The exposure to antitrust litigation and expense
– even if you and the NMOS ultimately prevail
– is real. For example:
- In 1999 the U.S. Justice Department sued
the Federation of Certified Surgeons and Specialists,
Inc. and obtained a court order preventing it
from negotiating with any payor on behalf of
its physician members, and from facilitating
any agreement or understanding between competing
physicians about any competitively sensitive
information.
- In 1996 the Federal Trade Commission sued
the Montana Associated Physicians, Inc. and
obtained an order preventing it from negotiating
or refusing to deal with third-party payors;
determining the terms upon which physicians
deal with such payors; or raising, maintaining,
or adjusting the fees charged for any physician’s
services.
- AMA was reminded of the risks in 1990 when
chiropractic prevailed in protracted and very
expensive litigation. The court ruled that AMA
had led an unlawful boycott of chiropractors
and that AMA’s conduct could not be justified
by patient-care concerns. The court ordered
AMA to take specific steps so that physicians
could freely decide whether to have professional
relationships with chiropractors.
Guidelines:
New Mexico Ophthalmological Society members
compete with one another in providing quality
care to the public.[1] As competitors, there are
certain types of agreements that NMOS members
cannot lawfully make.
Members must not make any agreement to fix,
raise, or stabilize prices or fees (or any element
of prices or fees) or restrict services that a
member can offer. Example: Dr. Ford and Dr. Callahan,
who practice in the same community, run into one
another at a social hour sponsored by a pharmaceutical
company. After they discuss some recent developments
in refractive surgery, their conversation turns
to the rates that they charge LASIK patients.

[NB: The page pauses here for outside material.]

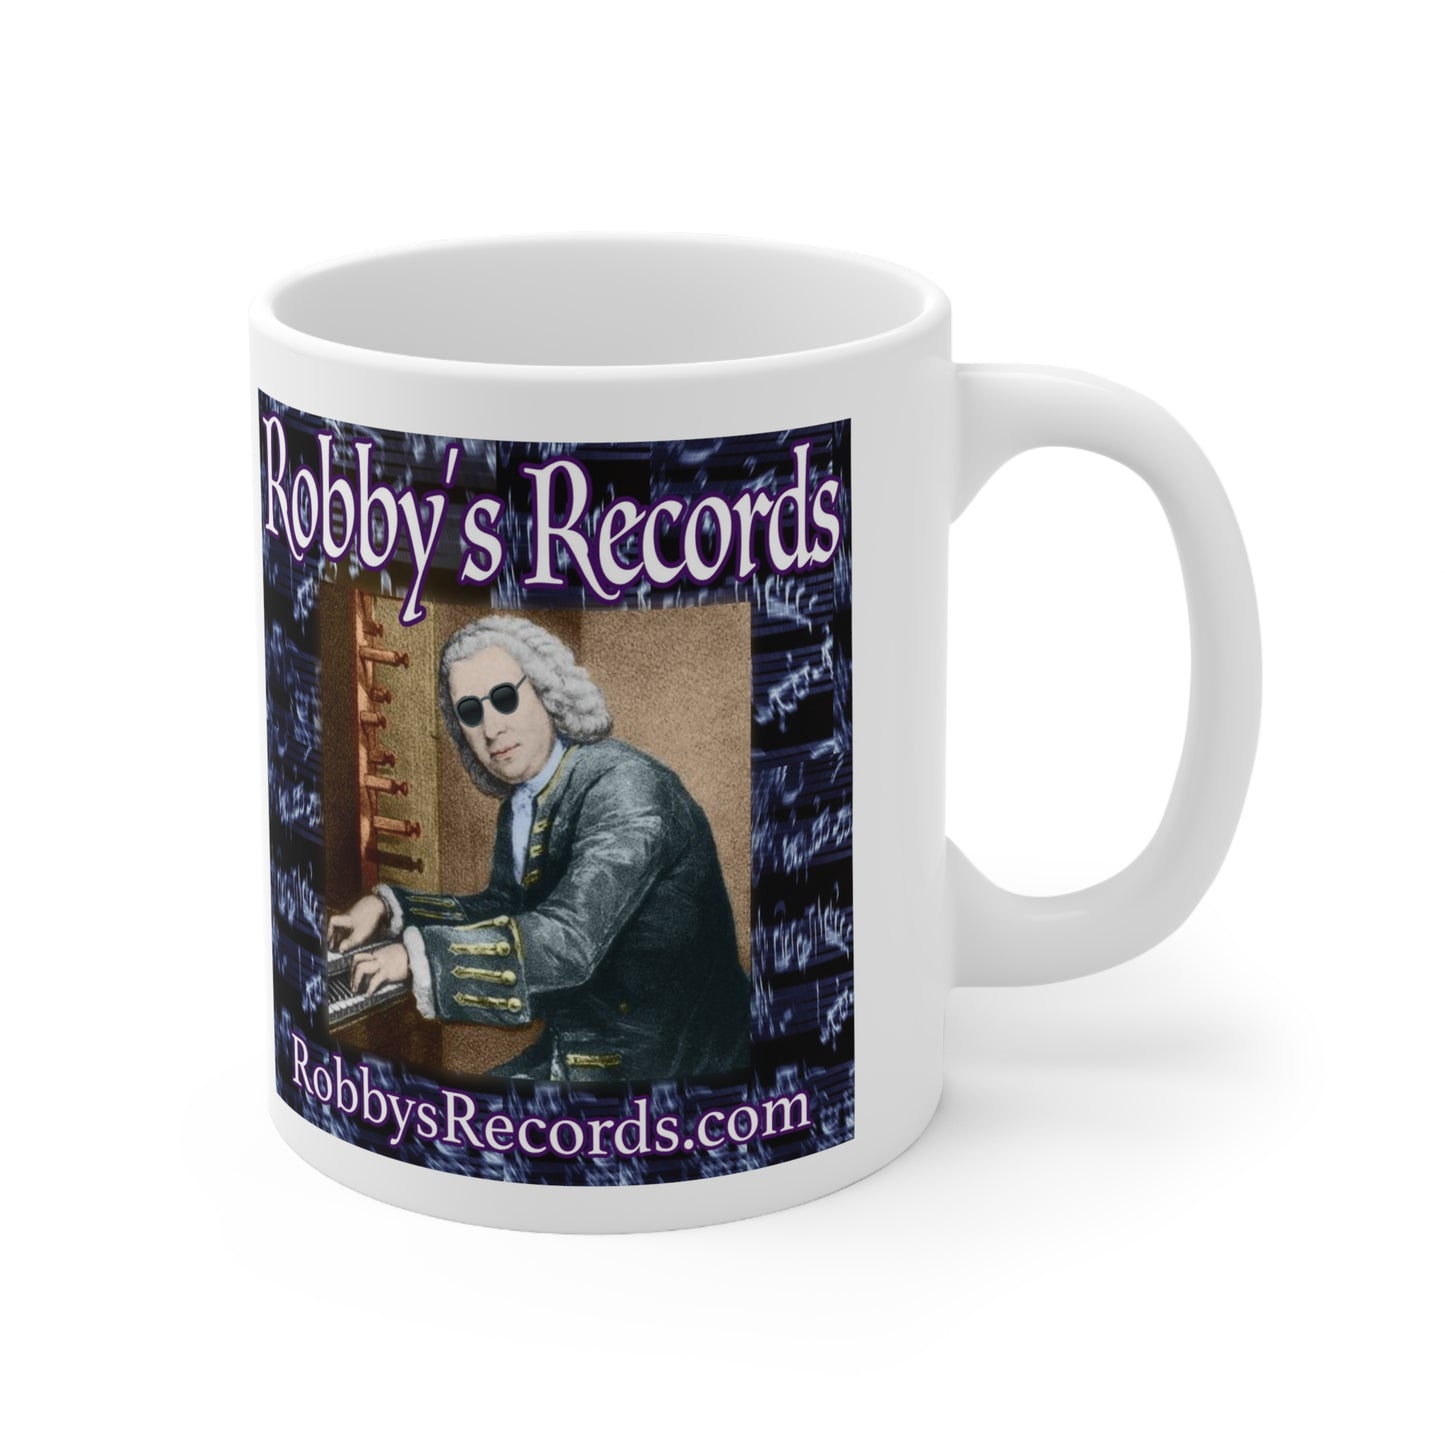 ROBBY'S RECORDS Ceramic Mug 11oz

Dr. Ford says that he would like to raise his
rates for such patients, but he needs to know
what Dr. Callahan would do. Dr. Callahan says
that it is “a great idea whose time has
come.” Two weeks later, Dr. Ford raises
his rates. The following week, Dr. Callahan likewise
raises his rates.
§ Problem: From these facts a jury might
conclude that the two members made an agreement
to fix prices, which would be a clear violation
of the antitrust laws. Although a price-fixing
agreement is illegal whether or not it is effective,
here the fact that one doctor specifically “needed”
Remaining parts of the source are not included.